0: jdbc:drill:zk=local> SELECT FLATTEN(KVGEN(checkin_info)) checkins FROM dfs.`/users/nrentachintala/Downloads/yelp/yelp_academic_dataset_checkin.json` LIMIT 20; +--------------------------+ | checkins | +--------------------------+ | {"key":"3-4","value":1} | | {"key":"13-5","value":1} | | {"key":"6-6","value":1} | | {"key":"14-5","value":1} | | {"key":"14-6","value":1} | | {"key":"14-2","value":1} | | {"key":"14-3","value":1} | | {"key":"19-0","value":1} | | {"key":"11-5","value":1} | | {"key":"13-2","value":1} | | {"key":"11-6","value":2} | | {"key":"11-3","value":1} | | {"key":"12-6","value":1} | | {"key":"6-5","value":1} | | {"key":"5-5","value":1} | | {"key":"9-2","value":1} | | {"key":"9-5","value":1} | | {"key":"9-6","value":1} | | {"key":"5-2","value":1} | | {"key":"7-6","value":1} | +--------------------------+
能够从数据中快速的得到值,经过在数据集应用KVGEN和FLATTEN函数动态数据集在fly——no须要耗时的模式定义和数据存储中间格式。

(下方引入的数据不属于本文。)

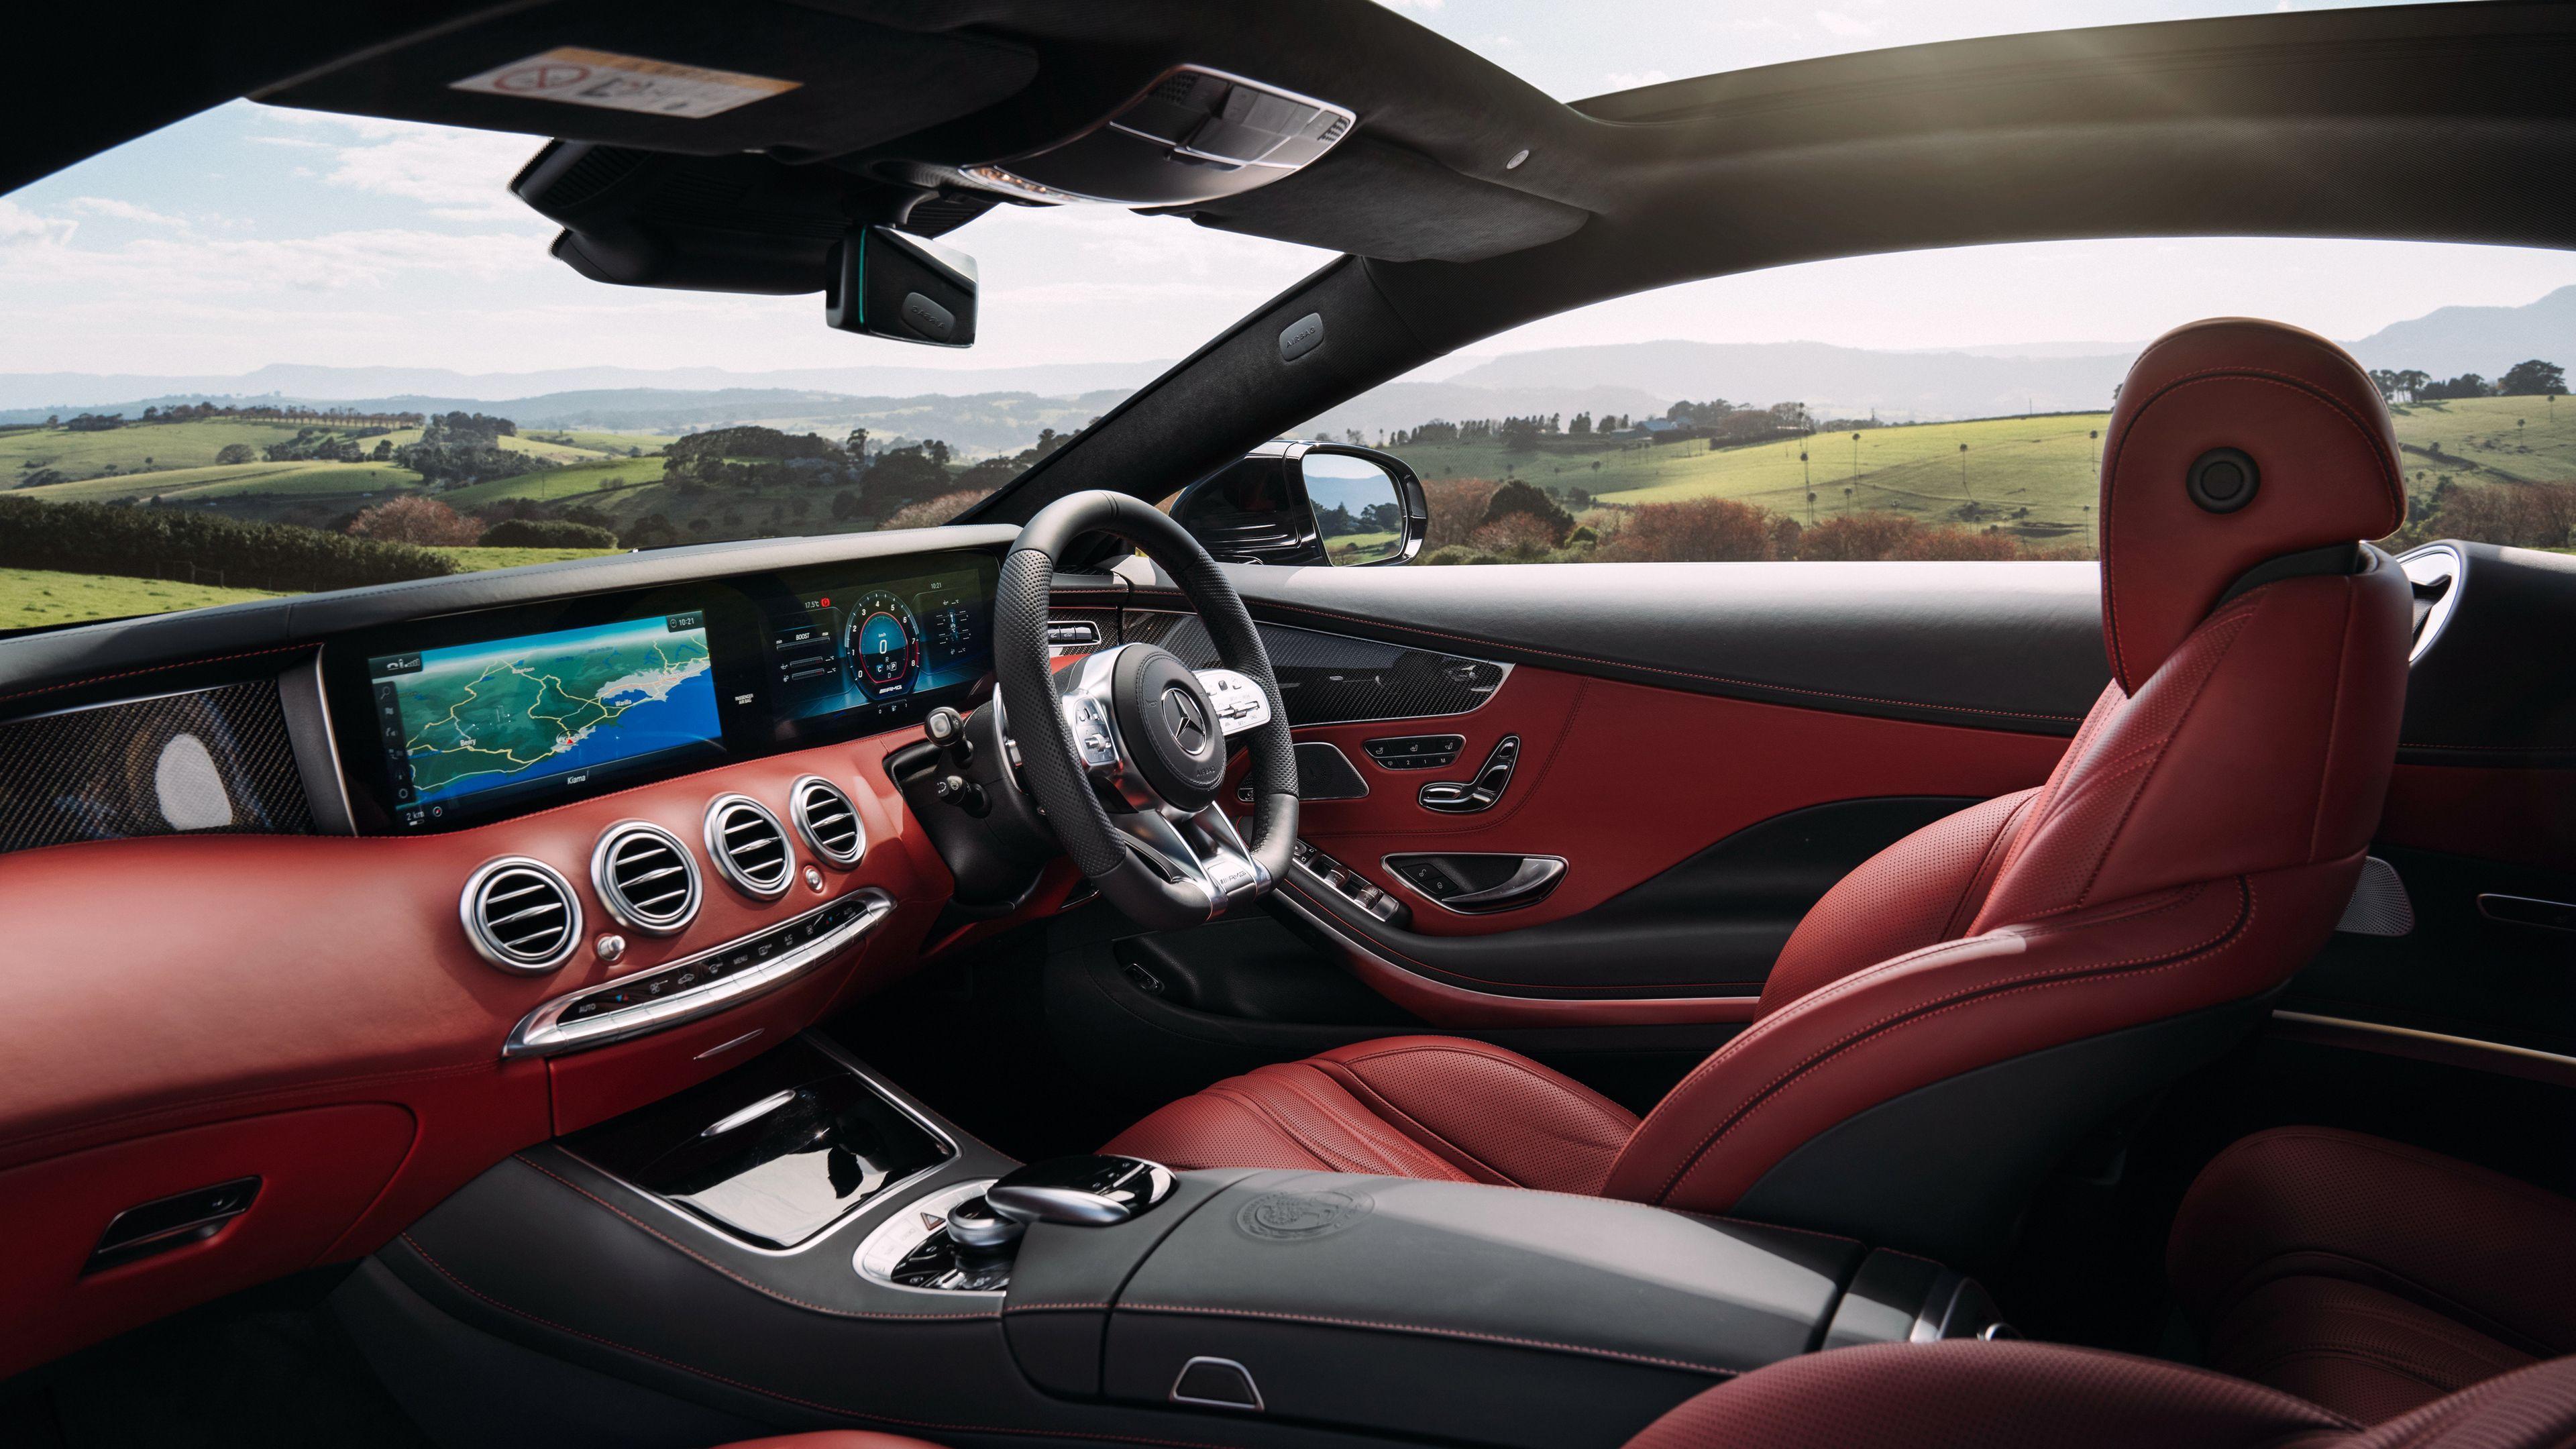 Wallpaper 4k Mercedes Amg S63 2018 Interior 2018 Cars Wallpapers

夷为平地的数据输出,您可使用标准SQL功能,如过滤器、聚合、排序。 让咱们看看几个例子。
▲▲▲▲▲在Yelp数据集获取签到记录的总数
0: jdbc:drill:zk=local> SELECT SUM(checkintbl.checkins.`value`) AS TotalCheckins FROM ( . . . . . . . . . . . > SELECT FLATTEN(KVGEN(checkin_info)) checkins FROM dfs.`/users/nrentachintala/Downloads/yelp/yelp_academic_dataset_checkin.json` ) checkintbl . . . . . . . . . . . > ; +---------------+ | TotalCheckins | +---------------+ | 4713811 | +---------------+
▲▲▲▲▲获取专门为周日午夜的签到的数量
0: jdbc:drill:zk=local> SELECT SUM(checkintbl.checkins.`value`) AS SundayMidnightCheckins FROM ( . . . . . . . . . . . > SELECT FLATTEN(KVGEN(checkin_info)) checkins FROM dfs.`/users/nrentachintala/Downloads/yelp/yelp_academic_dataset_checkin.json` ) checkintbl WHERE checkintbl.checkins.key='23-0'; +------------------------+ | SundayMidnightCheckins | +------------------------+ | 8575 | +------------------------+
▲▲▲▲▲获取每星期几签到的数量
0: jdbc:drill:zk=local> SELECT `right`(checkintbl.checkins.key,1) WeekDay,sum(checkintbl.checkins.`value`) TotalCheckins from ( . . . . . . . . . . . > select flatten(kvgen(checkin_info)) checkins FROM dfs.`/users/nrentachintala/Downloads/yelp/yelp_academic_dataset_checkin.json` ) checkintbl GROUP BY `right`(checkintbl.checkins.key,1) ORDER BY TotalCheckins; +------------+---------------+ | WeekDay | TotalCheckins | +------------+---------------+ | 1 | 545626 | | 0 | 555038 | | 2 | 555747 | | 3 | 596296 | | 6 | 735830 | | 4 | 788073 | | 5 | 937201 | +------------+---------------+
▲▲▲▲▲获取一天中每小时的签到数量
0: jdbc:drill:zk=local> SELECT SUBSTR(checkintbl.checkins.key,1,strpos(checkintbl.checkins.key,'-')-1) AS HourOfTheDay ,SUM(checkintbl.checkins.`value`) TotalCheckins FROM ( . . . . . . . . . . . > SELECT FLATTEN(KVGEN(checkin_info)) checkins FROM dfs.`/users/nrentachintala/Downloads/yelp/yelp_academic_dataset_checkin.json` ) checkintbl GROUP BY SUBSTR(checkintbl.checkins.key,1,strpos(checkintbl.checkins.key,'-')-1) ORDER BY TotalCheckins; +--------------+---------------+ | HourOfTheDay | TotalCheckins | +--------------+---------------+ | 3 | 20357 | | 4 | 21076 | | 2 | 28116 | | 5 | 33842 | | 1 | 45467 | | 6 | 54174 | | 0 | 74127 | | 7 | 96329 | | 23 | 102009 | | 8 | 130091 | | 22 | 140338 | | 9 | 162913 | | 21 | 211949 | | 10 | 220687 | | 15 | 261384 | | 14 | 276188 | | 16 | 292547 | | 20 | 293783 | | 13 | 328373 | | 11 | 338675 | | 17 | 374186 | | 19 | 385381 | | 12 | 399797 | | 18 | 422022 | +--------------+---------------+
总结
在本教程中,您将冲浪结构化和半结构化数据没有任何前期或ETL模式管理。